美冶が鴻蔵家へ引き取られてから一か月。髪を整えてもらい、勉強を教わり、服や食事まで与えてもらった彼女は、今度こそ自分が家族の役に立とうと考えます。

ところが、靴を磨こうとすれば、まりかとありさは美冶に似合う靴の選定会を開始。てるまで靴職人を呼び、最終的にはガラスの靴まで用意されました。

恩返しを申し出たはずが、どうしてプレゼントが増えているんだ(笑)。美冶の慎ましい願いを、鴻蔵家の財力と過保護が毎回パワーで押し流していきます。

新しい洋服の整理を手伝おうとしたときも、美冶自身が着せ替えられる側になりました。ただし、姉たちは好みを一方的に決めず、美冶が自分で好きな服を選べるように導いています。

似合う服を着せたい。でも、本人の意思も大切にしたい。

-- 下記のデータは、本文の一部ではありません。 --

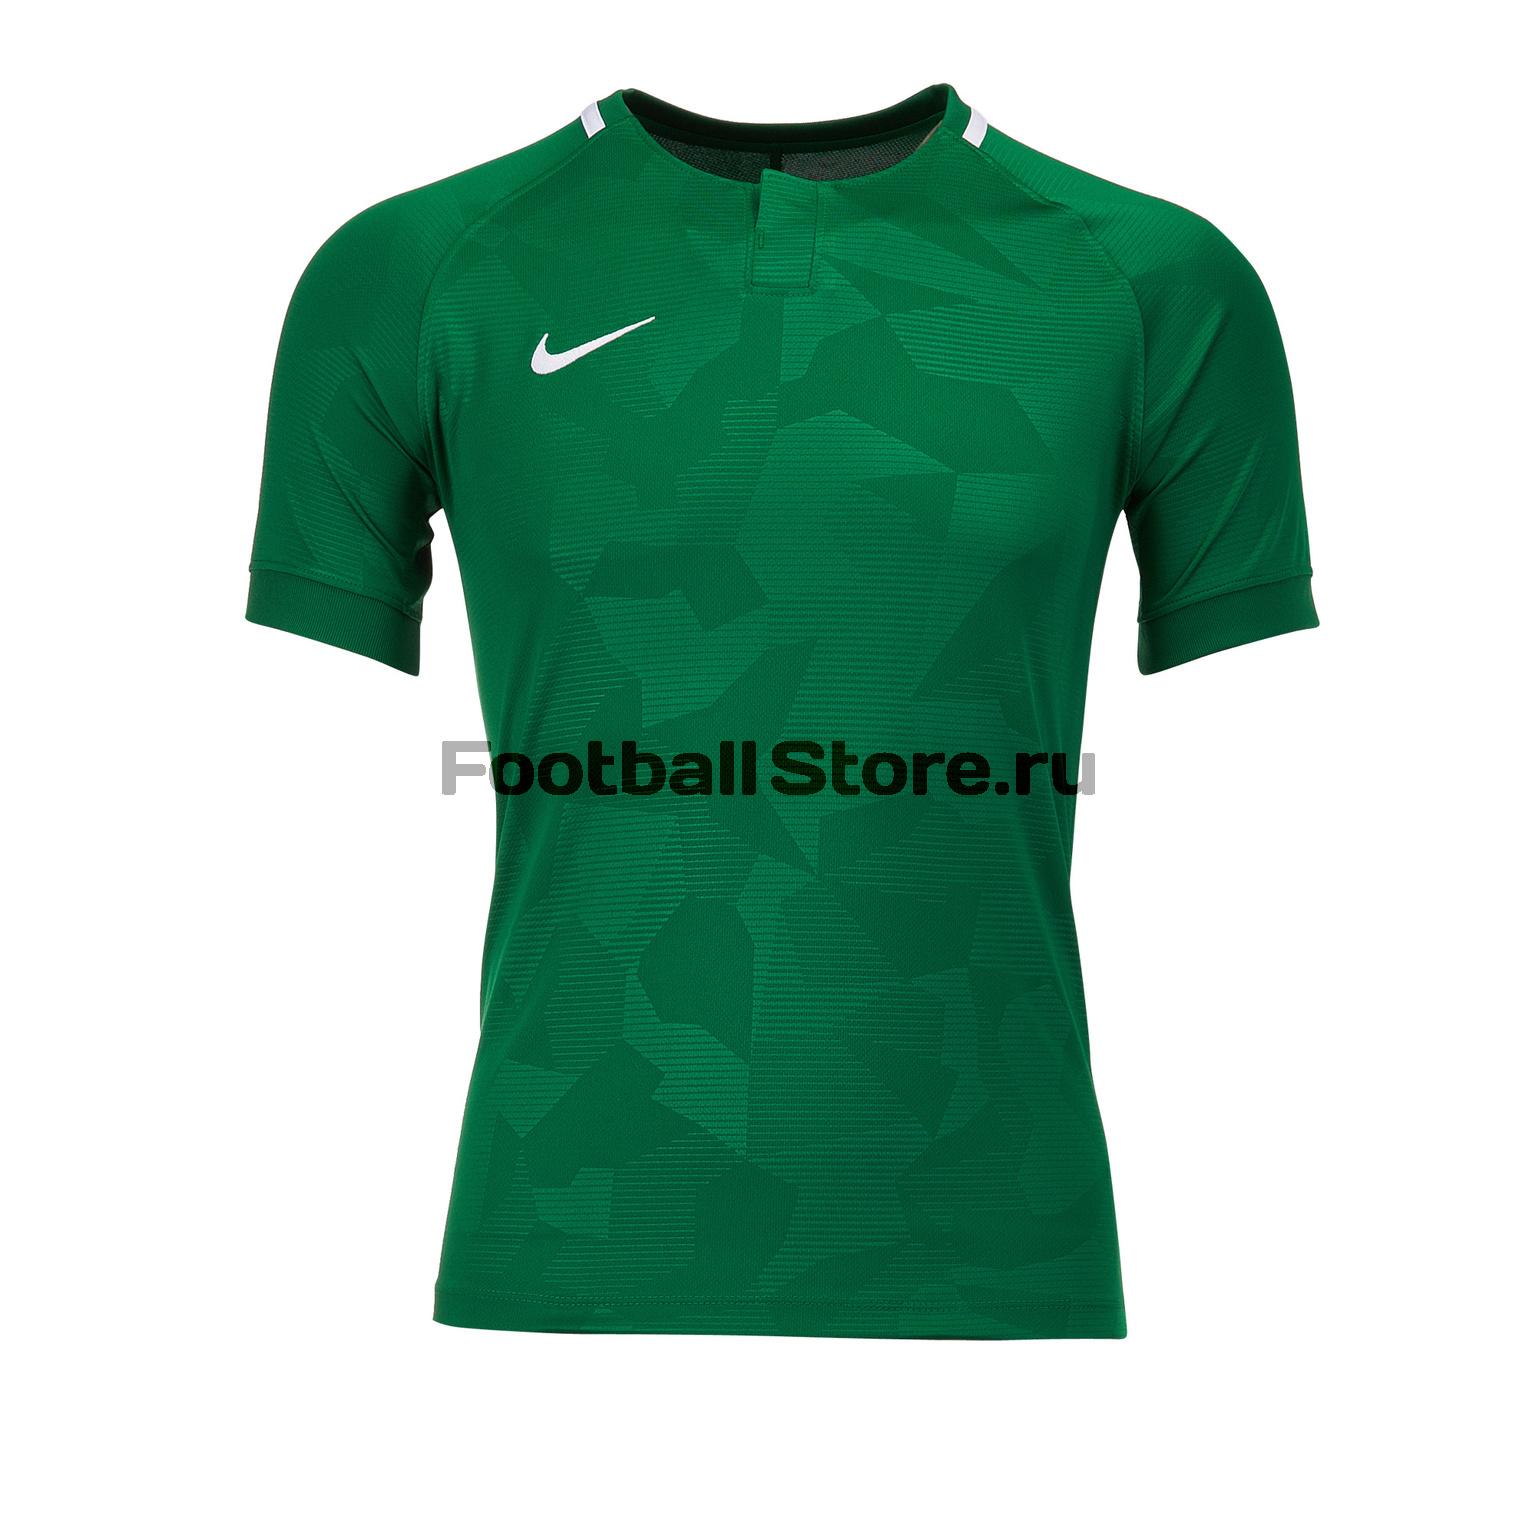 Футболка игровая детская Nike Dry Challenge II 894053-341 нижнее белье nike 654876 341 pro combat

見た目は悪役令嬢一家なのに、子育ての解像度がやたら高いんですよ、この家族。

美冶はなぜ恩返しにこだわるのか

美冶が恩返しにこだわるのは、鴻蔵家の愛情を「家族なら自然に受け取ってよいもの」と思えず、返さなければならない恩として数えているからです。

美冶は妾の子であることに負い目を感じ、本家では嫌われる覚悟をしていました。実際には温かく迎えられたものの、自分が無条件に愛される存在だとは、まだ信じ切れていません。

髪を整えてもらえば、姉の時間を奪ってしまった。勉強を教われば、手間をかけさせてしまった。服や食事を受け取れば、返すべき借りが増えた。

美冶の心の中では、好意を受け取るたびに帳簿の数字が膨らんでいきます。役に立てなければ、いつか見放される。その恐れが、恩返しを急がせているのです。

だから美冶は、名護へ家族の好きな物を尋ねました。相手が確実に喜ぶ正解を知り、失敗しない贈り物を用意しようとしたのでしょう。

名護は具体的な答えを教えませんでした。家族が喜ぶのは値段の高い物でも、好みに完全一致した物でもなく、美冶が自分たちを思って選んだ物だからです。

そこで美冶が作ったのが、家族で食べる菓子として本で知ったアップルパイでした。誰かに命じられた品ではなく、美冶自身が「この人たちと食卓を囲みたい」と考えて選んだ、初めての贈り物です。

まりかたちが喜んだのは、パイがおいしかったからだけではありません。美冶が自分たちを、恩を返すべき相手ではなく、一緒に喜びを分けたい家族として見てくれたことが嬉しかったのです。

美冶はなぜてるに抱きしめられて泣いたのか

アップルパイを振る舞ったあと、美冶はまりかとありさから、次の段階として屋敷の外へ踏み出す話を聞かされます。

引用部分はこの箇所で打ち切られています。